The only interesting bit here is the managed_object_free_object_list function. This is actually in relation with the next_object field in managed_object_t. We are going to build a very simple linked list of our managed objects, and managed_object_free_object_list is going to be responsible to free all of these dynamic objects before the vm terminates. We will use this method until we implement our full–blown garbage collector, so we won’t leak memory in the meantime.

String support in the virtual machine

Now we have the solution of storing and managing dynamic managed objects. Let’s see what else we need to have full support inside our vm.

Luckily, the lexer already supports strings, so we won’t touch that part. We have to touch–up the parser a little bit, though. We add a function to parse string literals.

static ast_node_t *parse_string_literal_expression(parsing_context_t *context) {
    const token_t token = get_previous_token(context);
    return ast_node_make_string(token);
}

And we put this to use by adding it to parse_rules for the TOKEN_STRING row. We can now lex and parse string literals.

We also have to add a new AST node and its associated functions, because parsing will create a new AST node for our strings.

Let’s add NODE_STRING to ast_node_type_t.

typedef enum ast_node_type_t {
    NODE_INTEGER,
    NODE_DOUBLE,
    NODE_BINARY_INFIX_OPERATOR,
    NODE_UNARY_PREFIX_OPERATOR,
    NODE_BOOLEAN,
    NODE_NIL,
    NODE_STRING,
} ast_node_type_t;

Then we extend ast_node_t and add the following in the union.

struct {
    int length;
    const char *start;
} string;

And of course a new function to create a string node.

ast_node_t *ast_node_make_string(token_t token) {
    ast_node_t *node = NEW(ast_node_t);

    node->type = NODE_STRING;
    node->token = token;
    node->as.string.length = token.length;
    node->as.string.start = token.start;

    return node;
}

There we go. Easy. What else do we need? We have lexing, parsing and the AST node. Next is the bytecode, so we add a function to the compiler.

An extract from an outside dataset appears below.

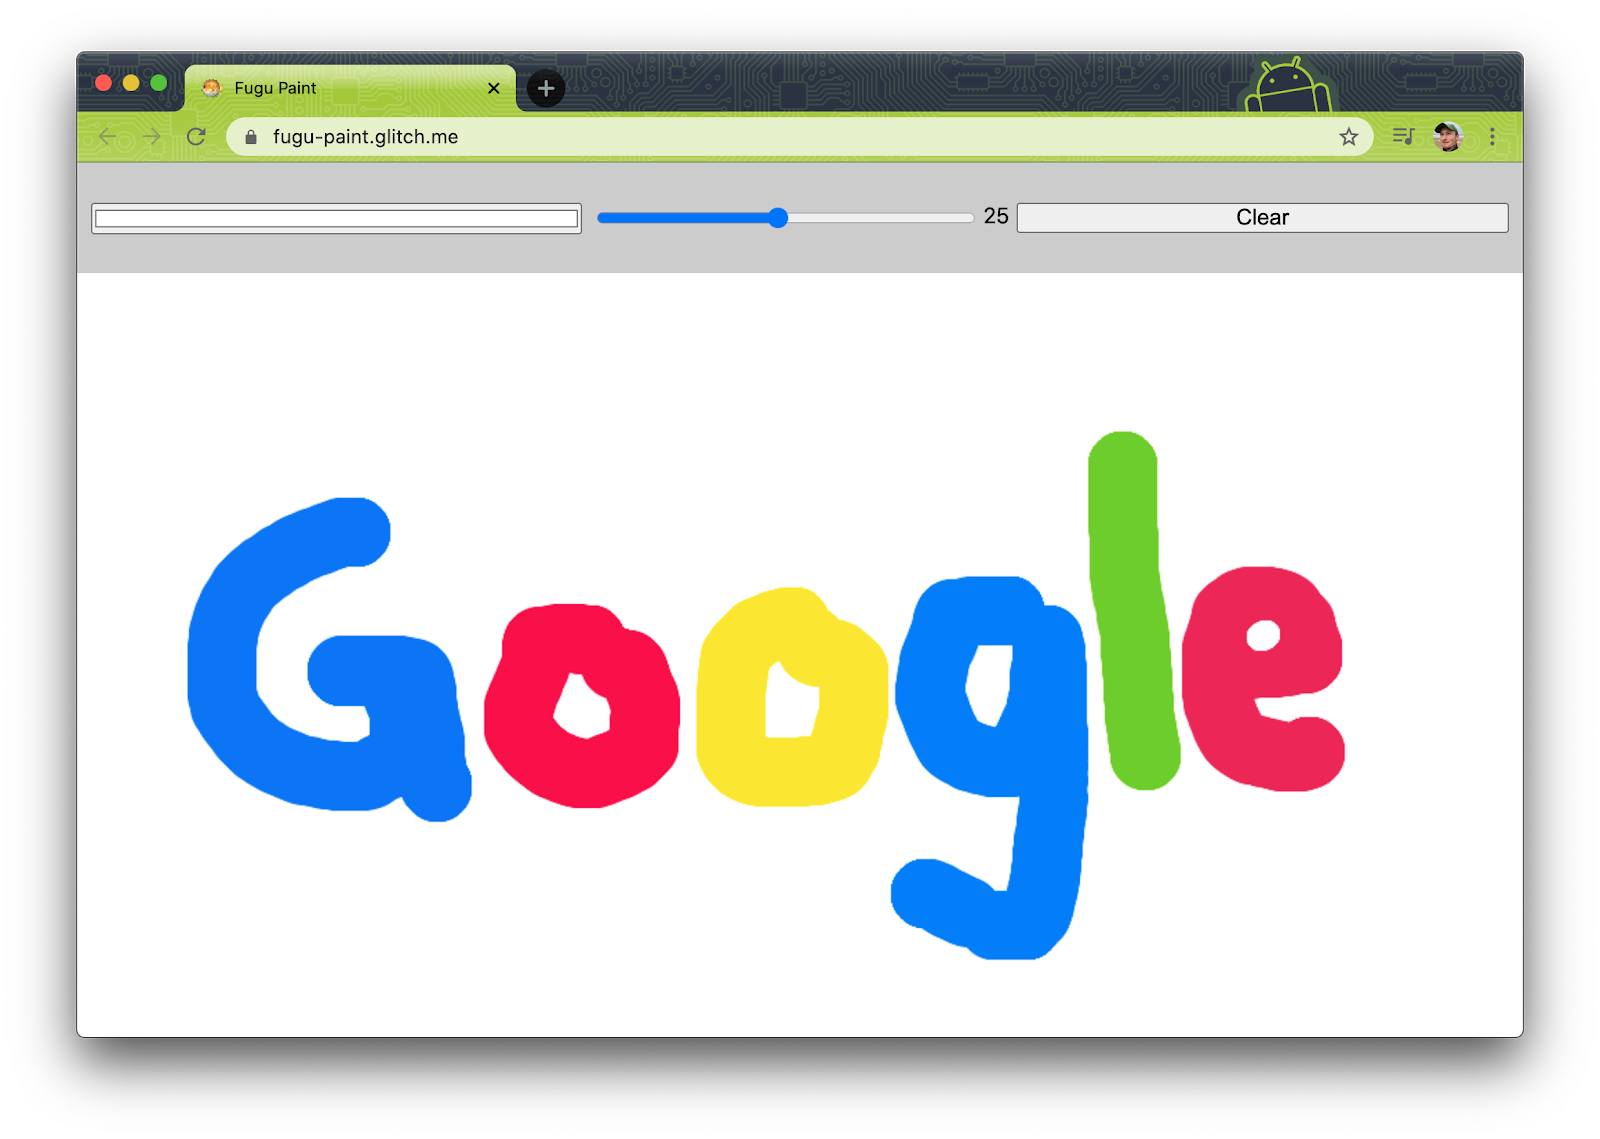 Fugu Greetings خط پایه PWA با یک بوم بزرگ با کلمه &ldquo;Google&rdquo; روی آن نقاشی شده است.

static void compile_string_node(compilation_context_t *context) {
    managed_string_t *string = managed_object_new_string(context->current_node->as.string.start + 1,
                                                         context->current_node->as.string.length - 2, true);
    managed_object_t *object = (managed_object_t *) string;
    vm_add_managed_object(context->vm, object);
    emit_constant(context, value_new_object_value(object));
}

A little explanation here. What are those + 1 and - 2? Well, the lexer and parser store the whole string literal, including the starting and ending ". We have to get rid of those, the vm won’t use them so we just chop them off. Also worth mentioning that managed_object_new_string will make a copy of the string from the source code. Why? Well, the source code is relatively short–lived, and it is deallocated after the compilation process. It would make little sense to keep it because potentially it could be huge. Easier to get rid of it as soon as possible, and just make a copy of the strings the app will use. Another reason could be for example, if we decided to separate the compilation from the actual execution, and say store the compiled bytecode on disk similarly to Java or Python.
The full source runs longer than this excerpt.